HOW TO COMPLETE THIS TASK: Copy each record below exactly, please, and leave its pictures out.

RECORDED DATA:
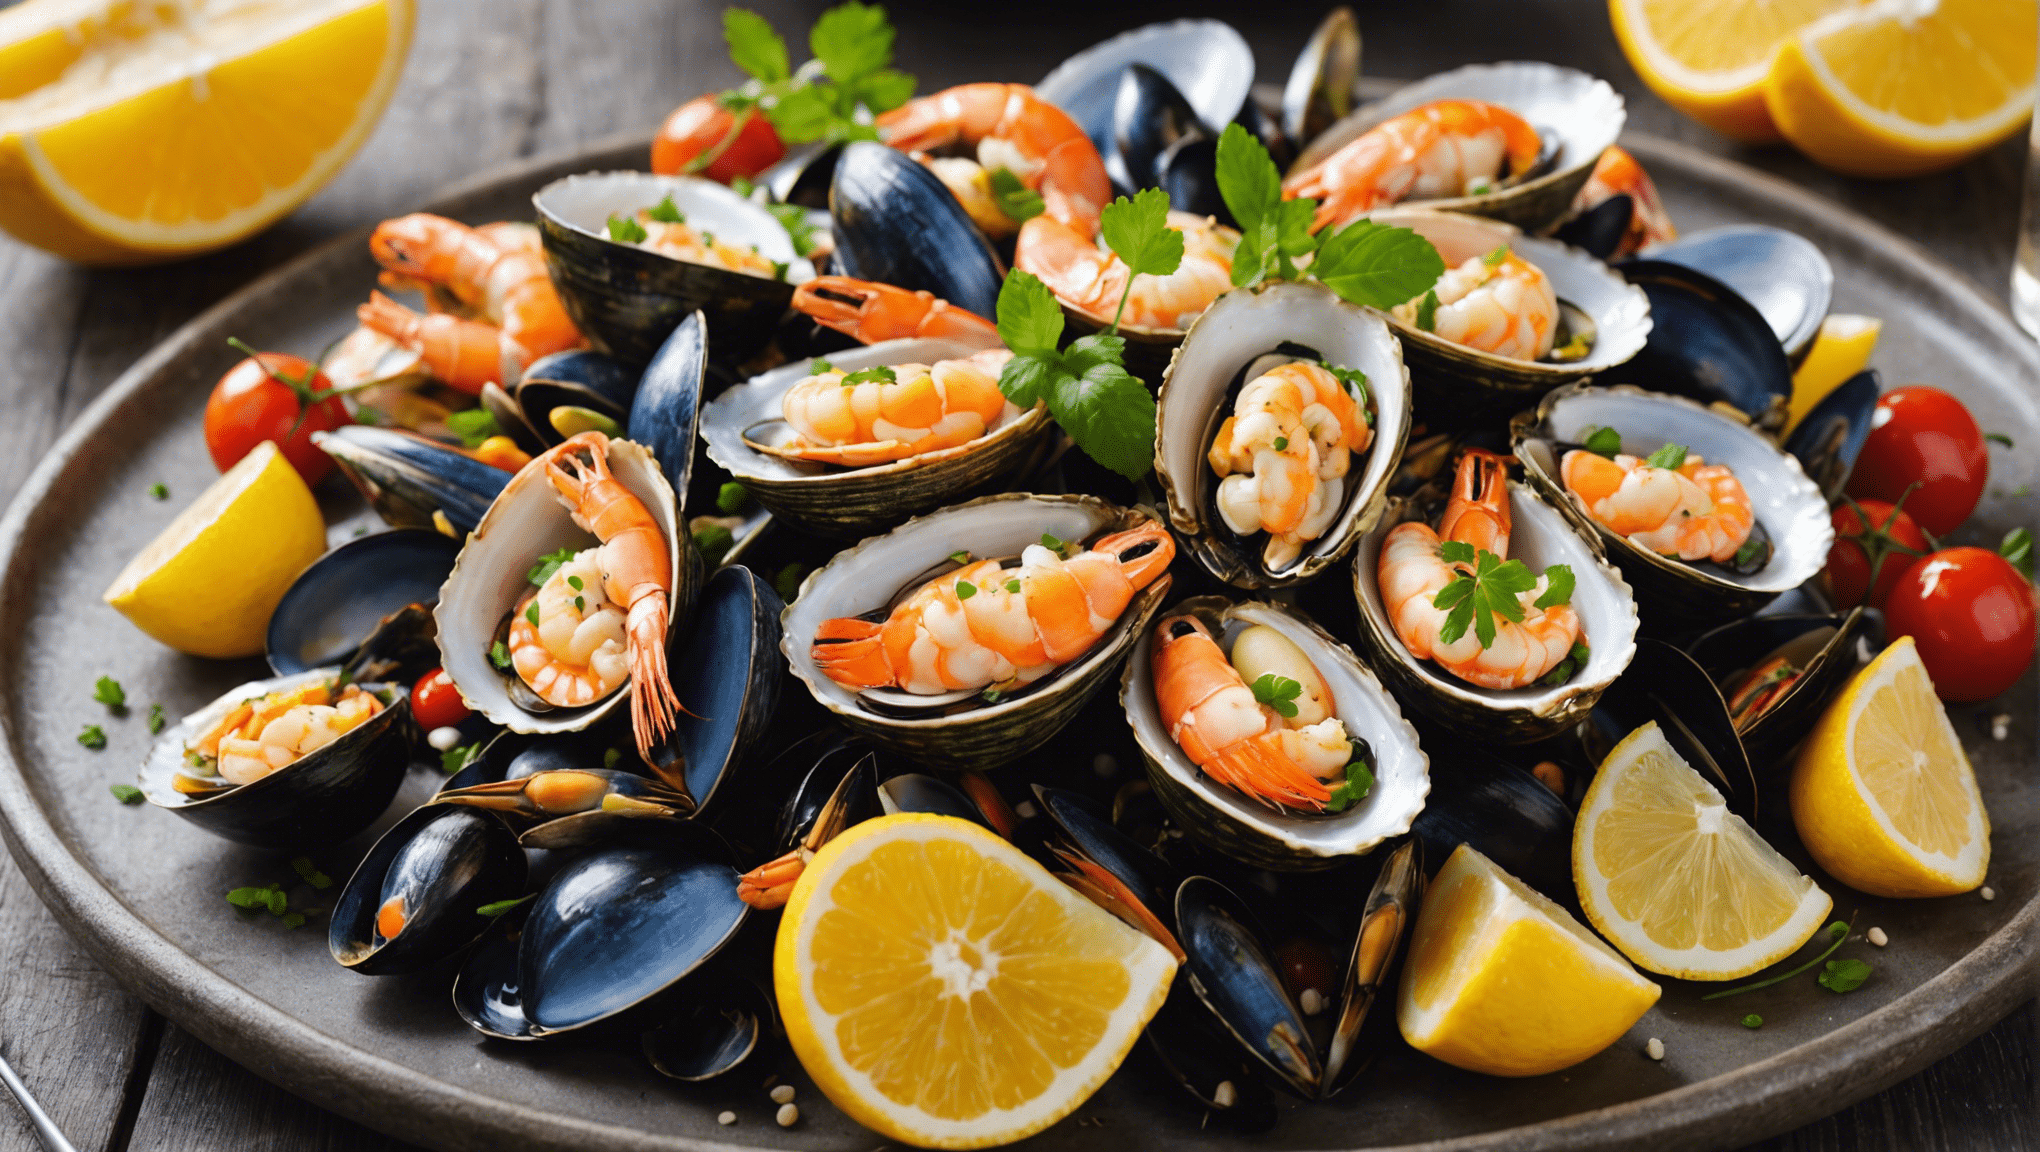 découvrez des recettes savoureuses pour ravir les amateurs de fruits de mer et éveiller vos papilles avec des saveurs délicates et raffinées.
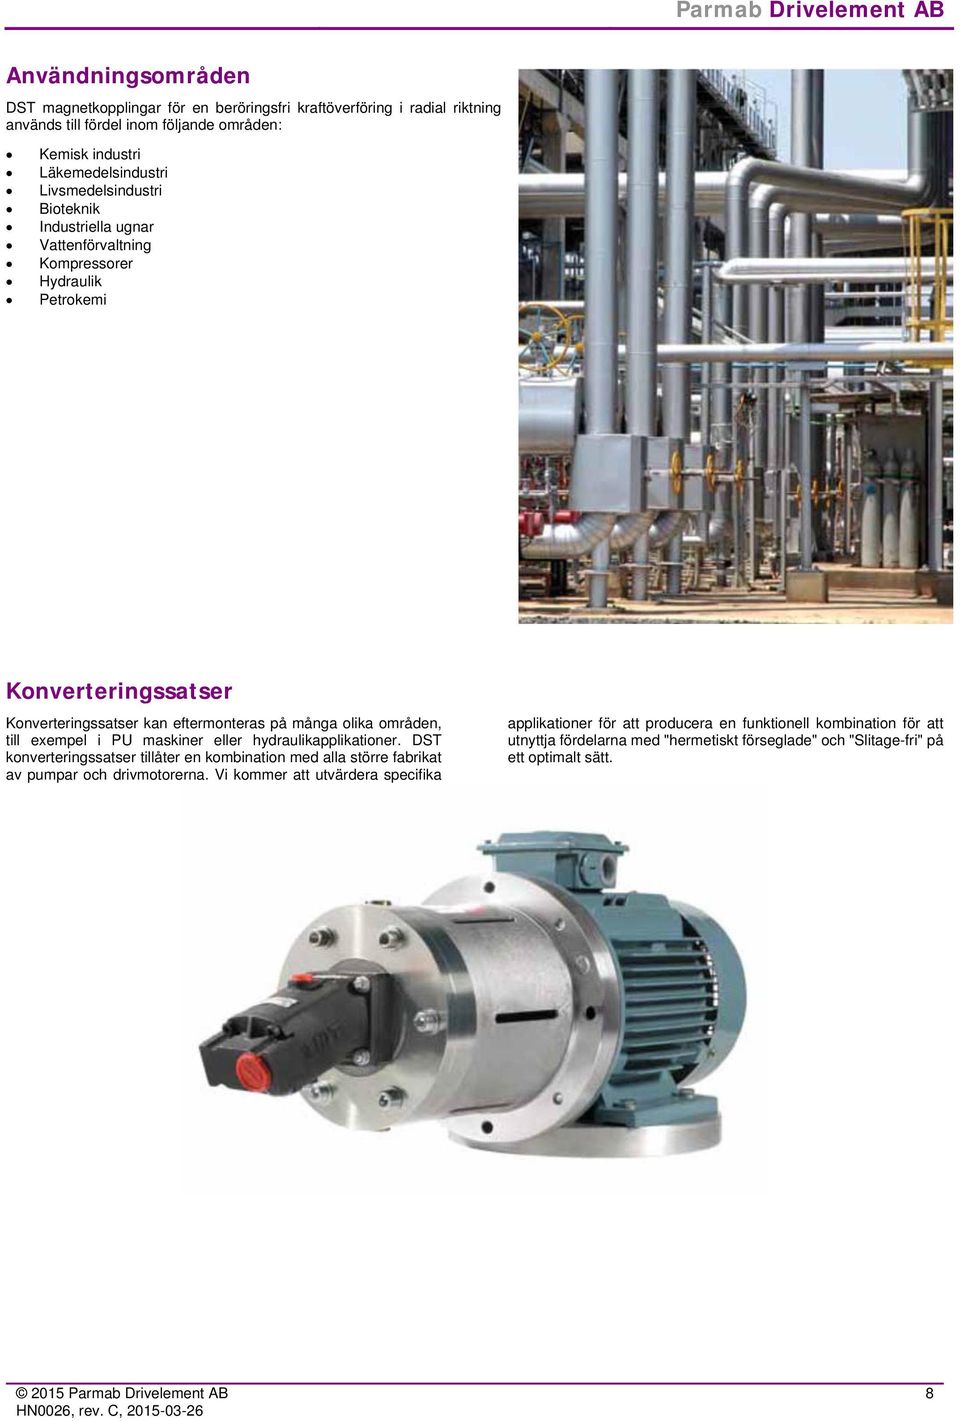 områden, till exempel i PU maskiner eller hydraulikapplikationer. DST konverteringssatser tillåter en kombination med alla större fabrikat av pumpar och drivmotorerna.
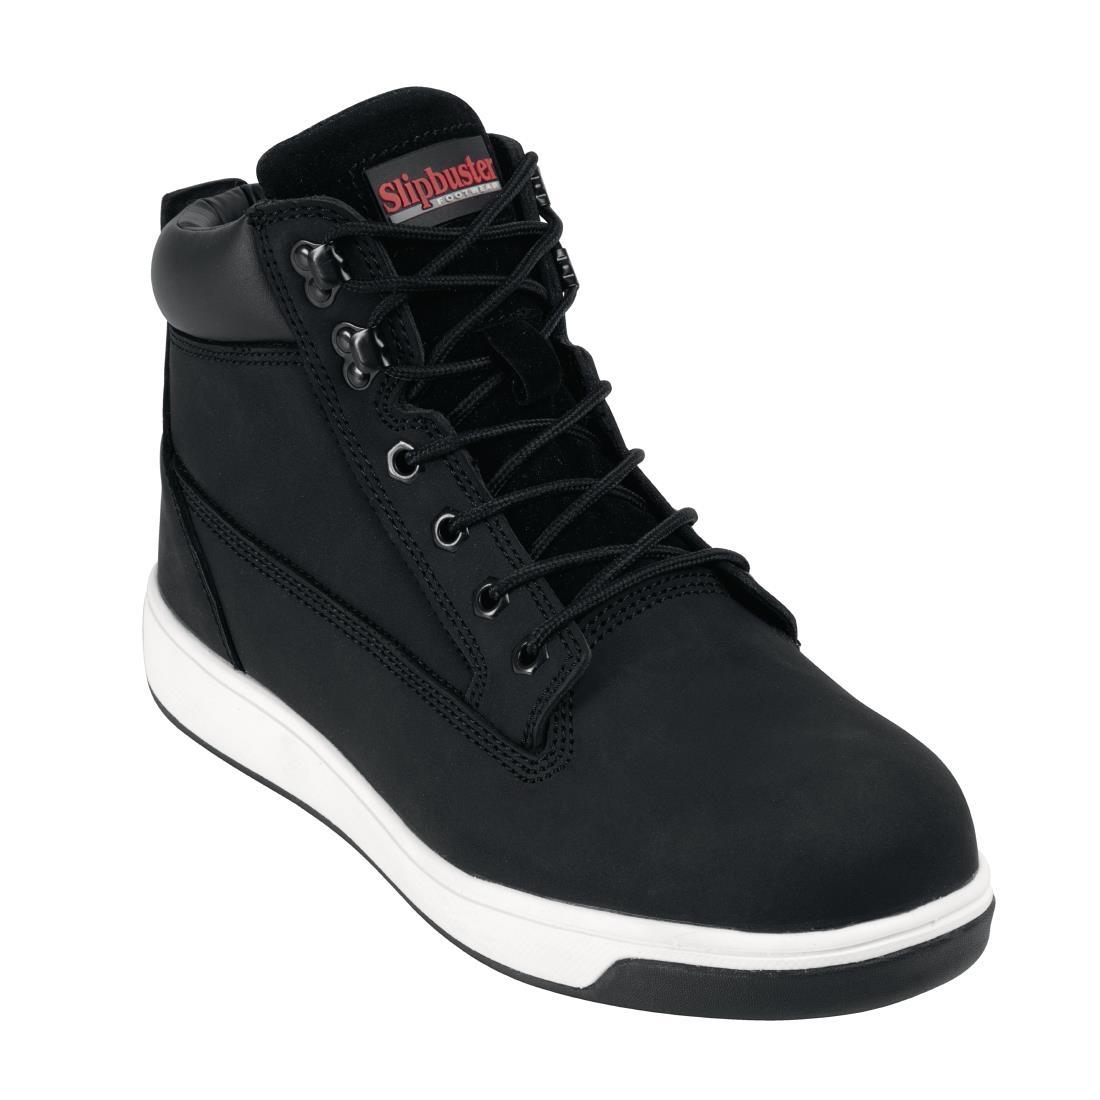 Slipbuster Sneaker Boots Black 43 - BB422-43  - 1
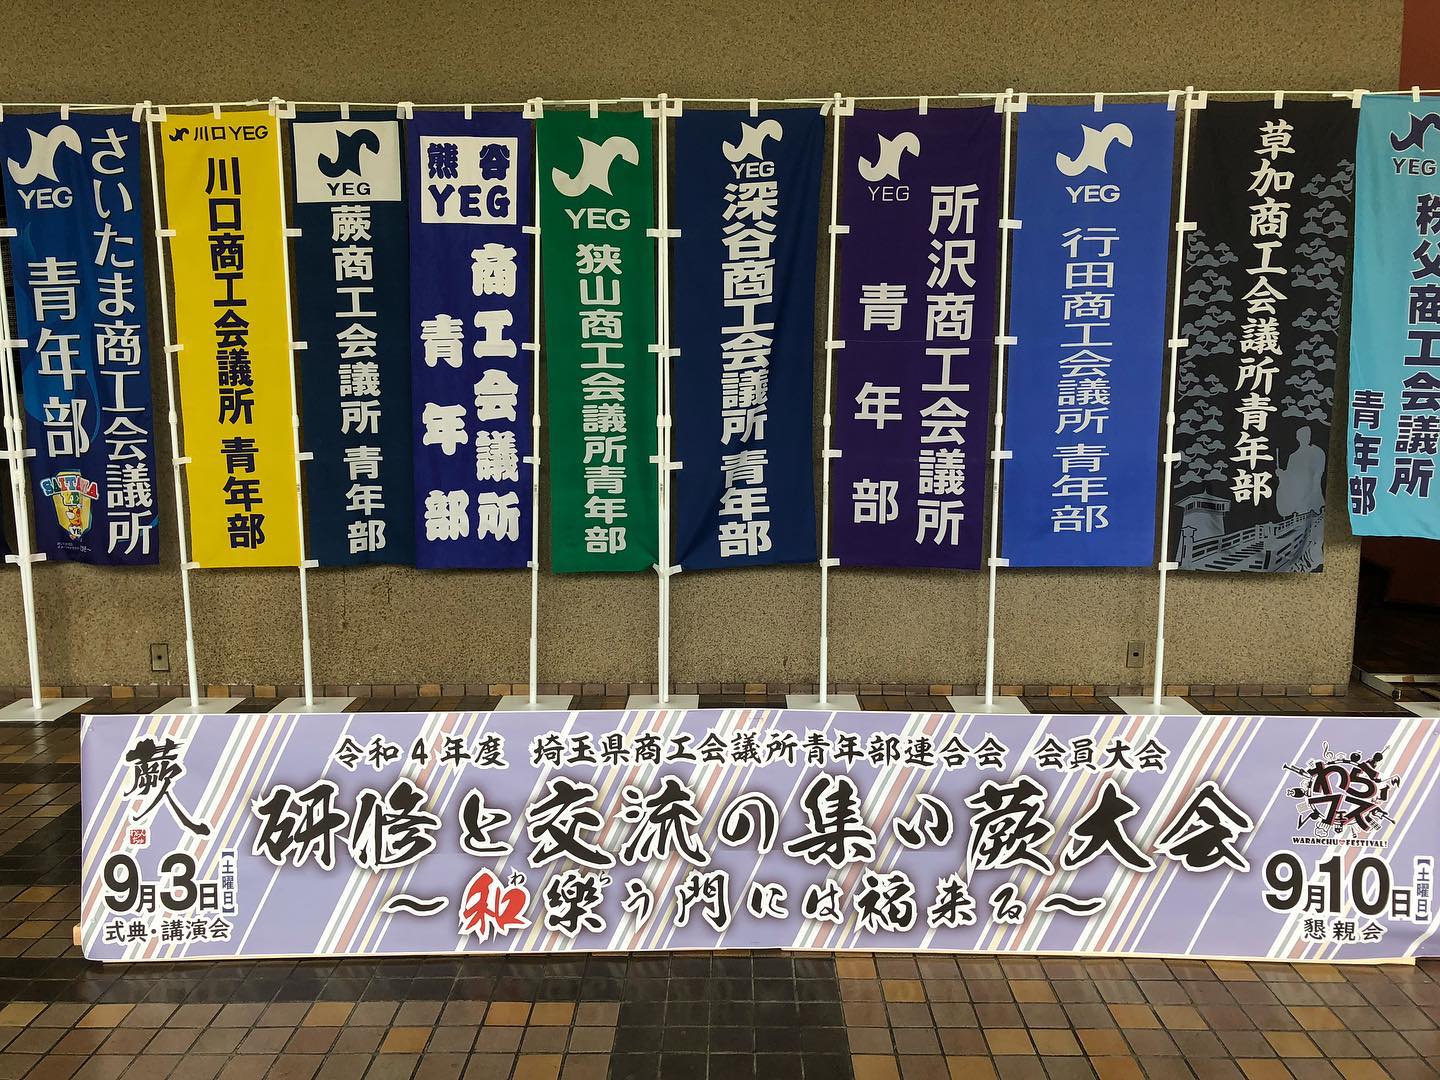 KKT蕨大会🤩
始まります

来年は熊谷です

RESPONSE TO THE EXERCISE:
 découvrez des recettes savoureuses pour ravir les amateurs de fruits de mer et éveiller vos papilles avec des saveurs délicates et raffinées.
 områden, till exempel i PU maskiner eller hydraulikapplikationer. DST konverteringssatser tillåter en kombination med alla större fabrikat av pumpar och drivmotorerna.
 Slipbuster Sneaker Boots Black 43 - BB422-43  - 1
 KKT蕨大会🤩
始まります

来年は熊谷です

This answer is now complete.